• _COLLECTED DATA_:
# # #

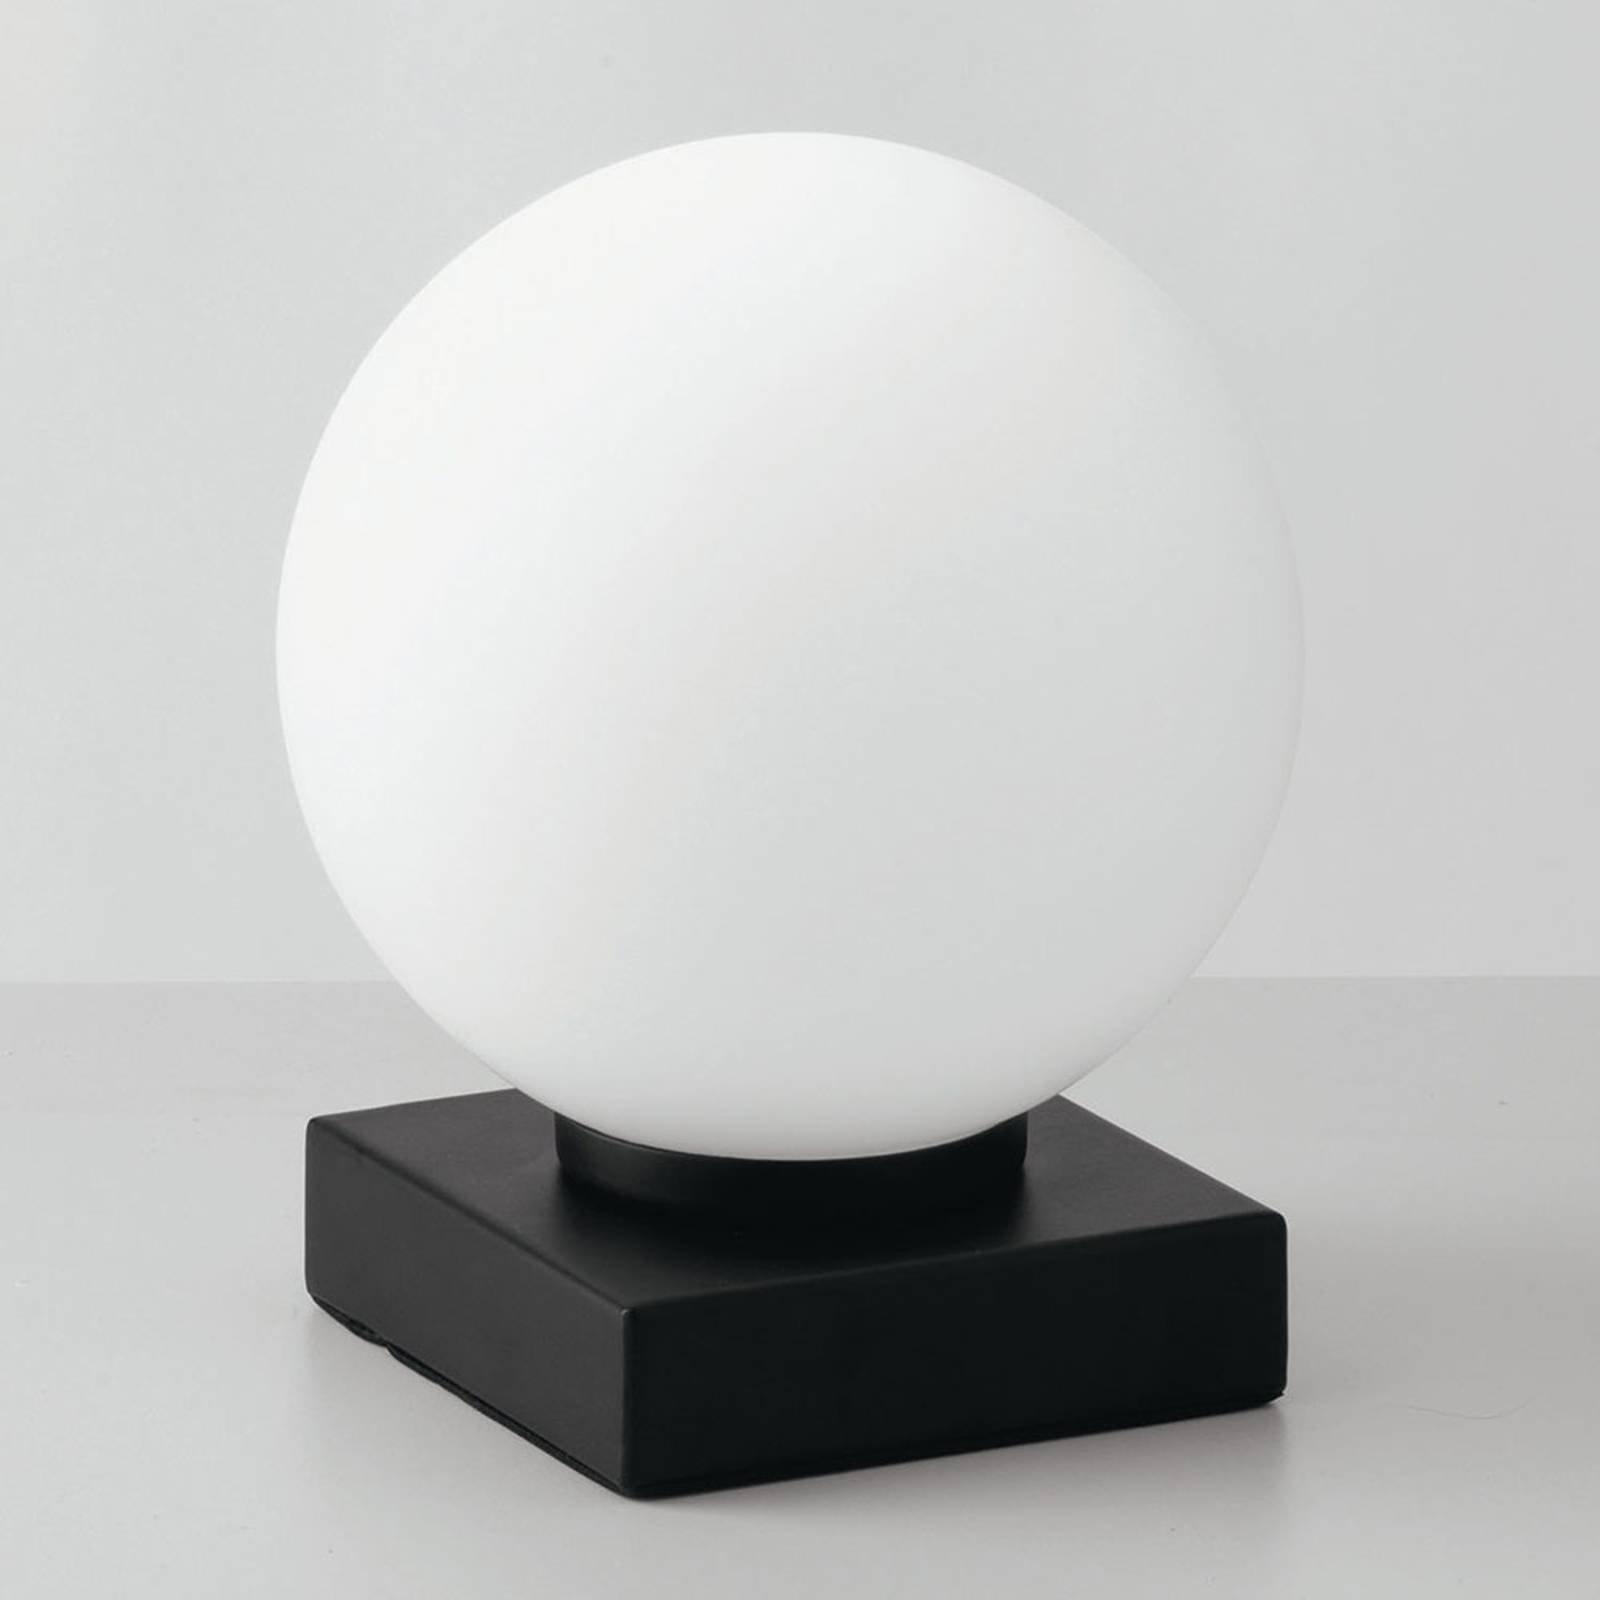 Bordlampe Enoire i svart og hvit, 1 lyskilde
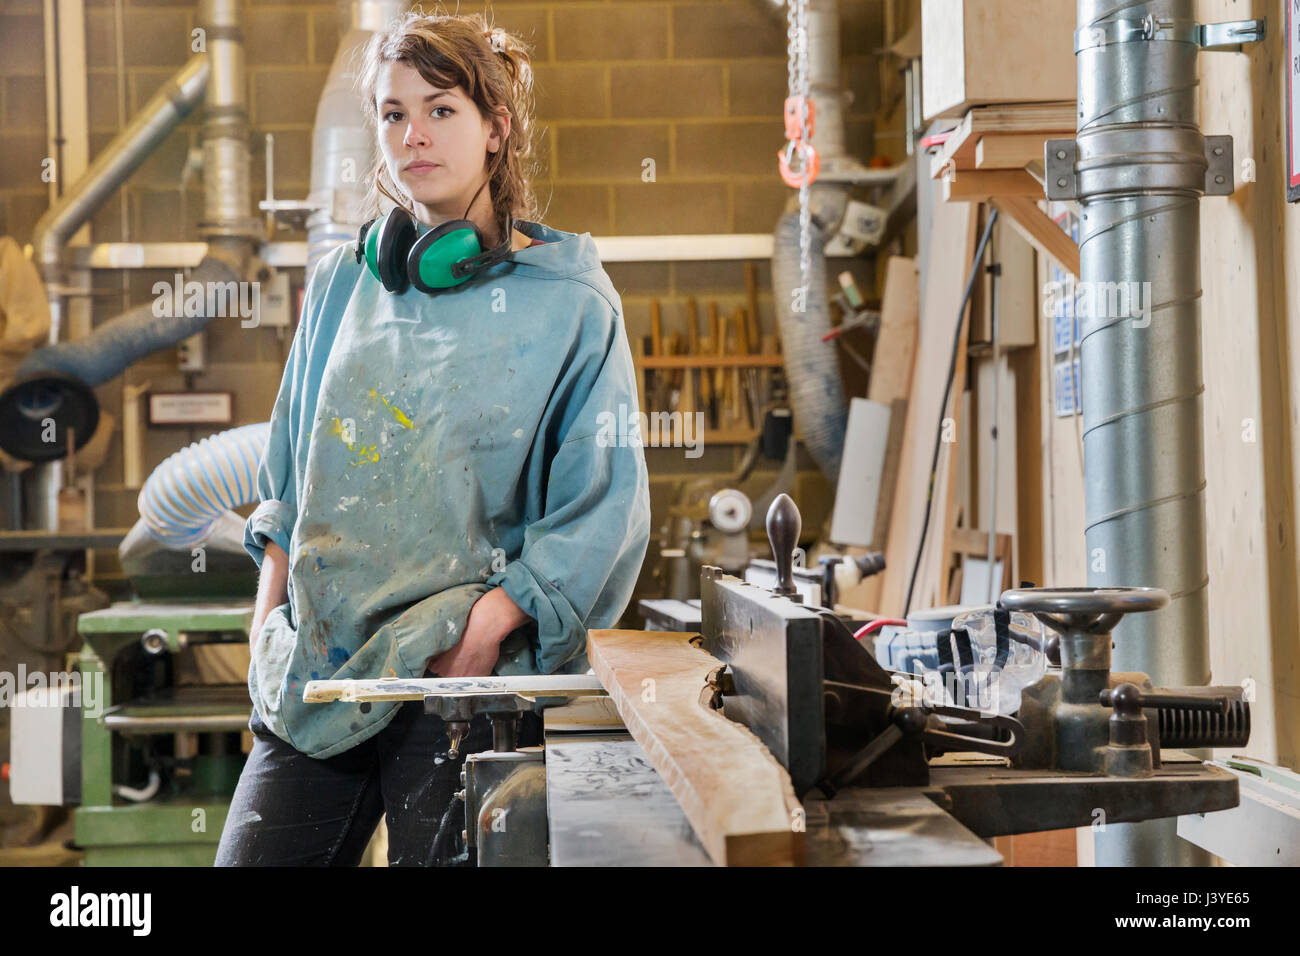 Portrait de jeune femme à côté de machines dans l'atelier du bois Photo Stock
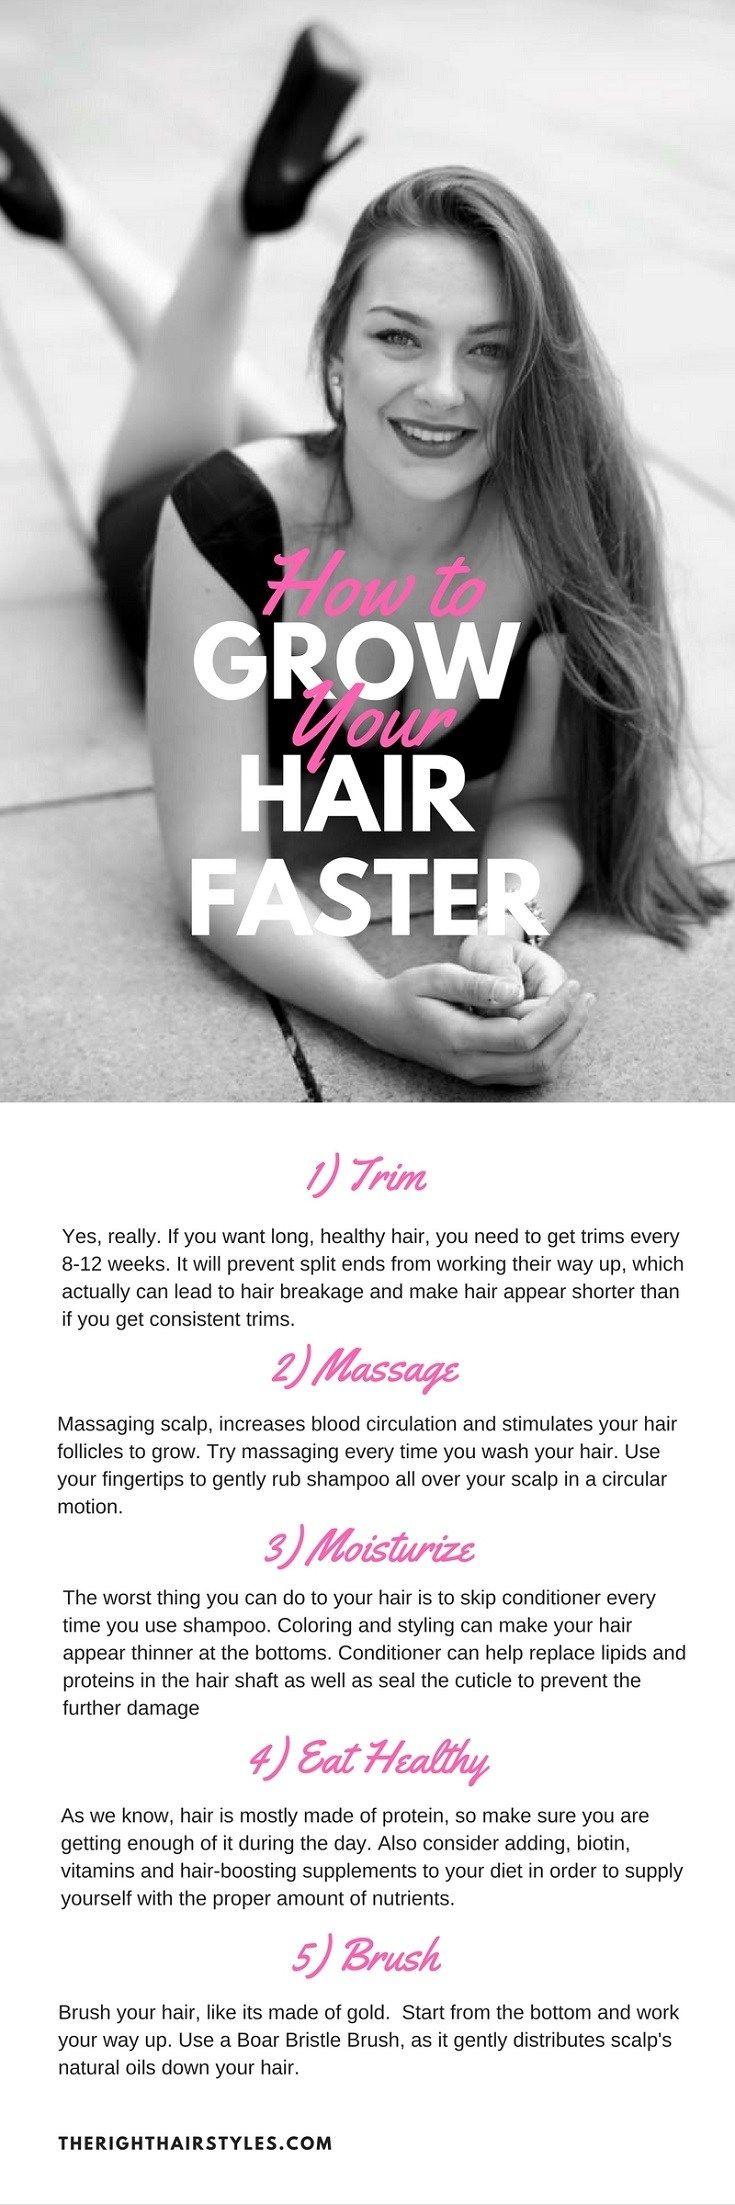 Wie Sie Ihr Haar schneller wachsen lassen

# # #

• _ASSIGNED TASK_: Would you give again exactly the lines from the line containing "Portrait de jeune" through the end of the listing, both ends included, without any pictures?

• _FINAL ANSWER_:
 Portrait de jeune femme à côté de machines dans l'atelier du bois Photo Stock
 Wie Sie Ihr Haar schneller wachsen lassen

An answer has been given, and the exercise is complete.